It slipped under the radar at the time, but the stewards’ report reveals there is no record of the jockeys who placed second (Joao Moreira on Savvy Nine) and fourth (Karis Teetan on Helene Leadingstar) weighing in after the HK$3.25 million feature.
It begs the question – how did stewards put up the “weighed in” signal after only a slight delay?
“The rules provide us with an opportunity to call ‘weighed in’ as long as we’re satisfied there are no circumstances which suggest that less than the proper weight was carried throughout the race,” Jockey Club chief steward Kim Kelly said. “We had to deal with it very quickly because we couldn’t hold a whole inquiry while ‘weighed in’ was held up.
“We interviewed [those involved], then sent them out of the room, discussed among ourselves whether any circumstances existed which might indicate to us that less than the weight was carried, once we were satisfied with that, we called ‘weighed in’ and then we inquired into the matter after that.”
So how do two riders not weigh in when it is compulsory for them to do so after every race, no matter where they finish? Kelly blames a combination of factors for the stuff up.
With the hot-weather protocol in place at Sha Tin, only the winner returns through the front entrance while the other horses and jockeys come back through the side.
The first four jockeys across the line are meant to weigh in at the main scale (the one you see on the broadcast) while the rest file through the scale downstairs.
But with only five horses competing (they all weighed out correctly), the clerk of the downstairs scales left his post after Zac Purton (who came fifth on Eagle Way) weighed in.
He did so well ahead of the rest as he finished down the track and basically rode straight off while the others were being pulled up.
“Because it was a five-horse race, when the fifth-placed rider walked in, the clerk thought that was his job done and he went upstairs,” Kelly said.
Matthew Chadwick (Chefano) and Antoine Hamelin (Helene Charisma) both weighed in upstairs as required while Moreira and Teetan came through downstairs.
Teetan, who was potentially engaged in an animated discussion with an assistant trainer after being beaten on the favourite, sat on the scale downstairs but because the clerk had left, no one was there to record it or remind him to go upstairs. The man collecting the tracking tag out of the saddlecloth was a witness.
Moreira’s case is slightly different, no one can remember/confirm if he weighed in downstairs or not. The only saving grace is the fact he physically couldn’t have weighed in light. Savvy Nine had an allocated weight of 114 pounds and the Brazilian claimed one over, weighing out at 115 pounds.
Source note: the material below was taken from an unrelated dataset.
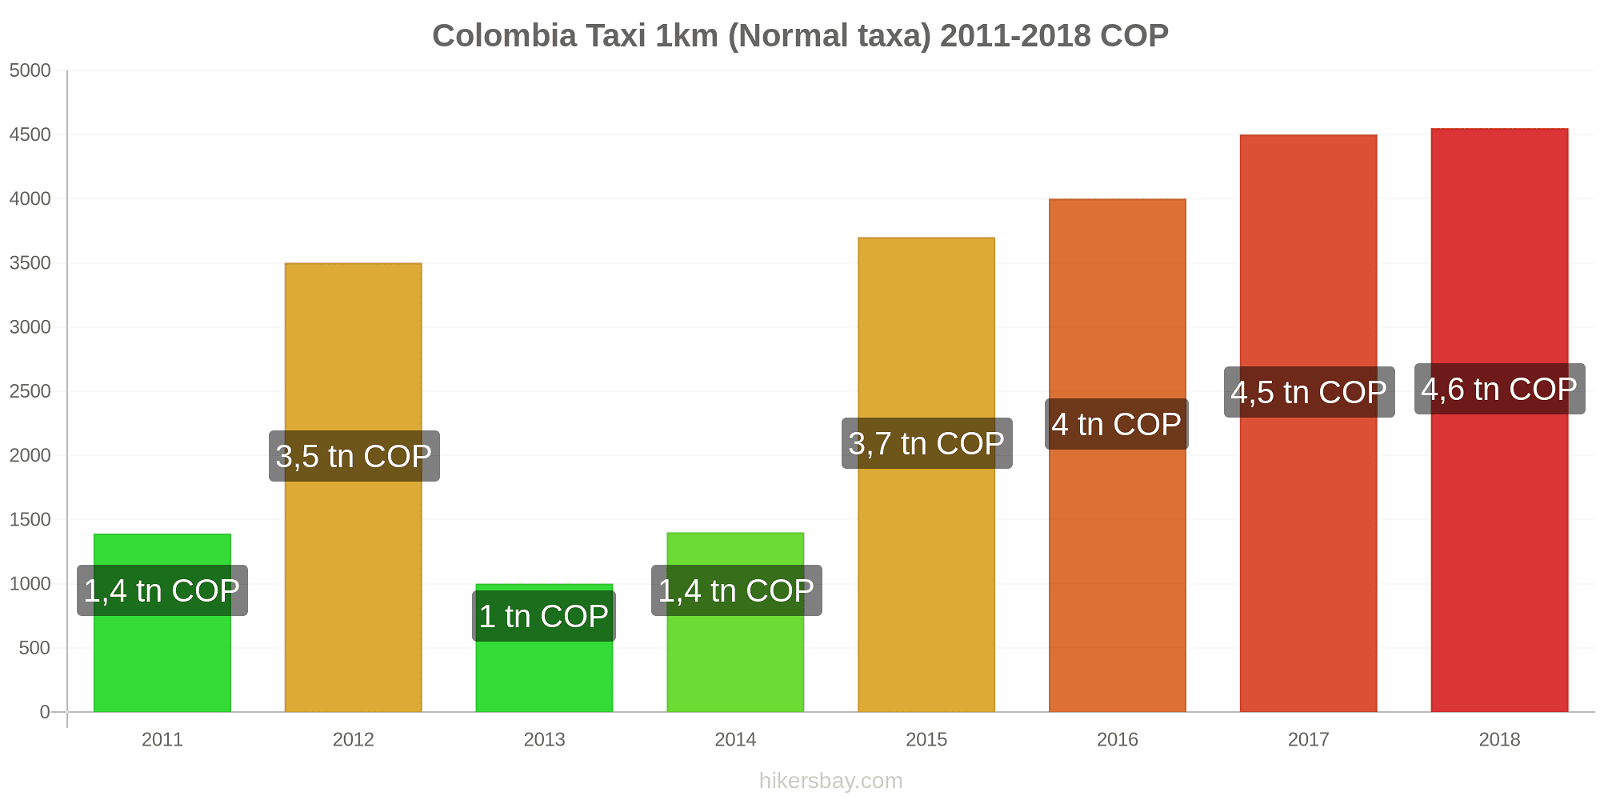 Colombia prisändringar Taxi 1km (Normal taxa) hikersbay.com

So to be clear, there is nothing nefarious about the sequence of events but it is not a good look. Both jockeys can consider themselves lucky to have escaped with reprimands (one of their rivals believes they should have faced far sterner punishments) and were “reminded of the importance to ensure that they utilise the correct scale”.
“It was a collective of these little things that led to a less than ideal situation,” Kelly said.
“But I would like to reiterate – the only reason a person would not weigh in is because they are light. It is simply impossible for [Moreira] to weigh in light. If he was overweight, he would have copped a fine.
“He is a professional jockey who has ridden here for whatever number of years and has never failed to comply with weighing in. We were mindful of the fact that there was no likely reason for not weighing in.
“We considered all the circumstances and the unfortunate events that led up to it. It was a tricky situation.”
There was no video camera above the downstairs scale, which only added to the confusion.
“It is about the only area on the racecourse that doesn’t have CCTV,” Kelly said. “We have it upstairs but not downstairs and that’s a matter that we will give some consideration to in the coming days.
“For the time being, the downstairs scale has been taken out of commission, so they’re all going to weigh in upstairs. That’s been made a lot easier that due to the current virus restrictions, there are fewer people in the weighing room.
“We’re already weighing in all the riders at Happy Valley in the one area and now we’ve just adapted that to Sha Tin as well as a result of what happened [on Sunday].”
The margins – there was more than a length between every horse at the finish – help soothe any lingering concerns from officials, while Sunday was the hottest day of the year and with the Magic Man having to lose six pounds to make his weights, it could be understood if he wasn’t thinking as clearly as normal. Similarly, if Teetan was on the receiving end of a spray, he clearly would have been distracted.
That being said, this sort of thing simply shouldn’t occur. Riders should know their responsibilities about where to weigh in and Jockey Club officials need to stay in their positions until everything is sorted.
“It doesn’t matter how long you do something for, you’ll see everything. I’ve been here 18 years and we’ve never had a situation like that,” Kelly said. “No doubt, it’s not a good situation and we’ve put measures in place to make sure it can’t happen again.”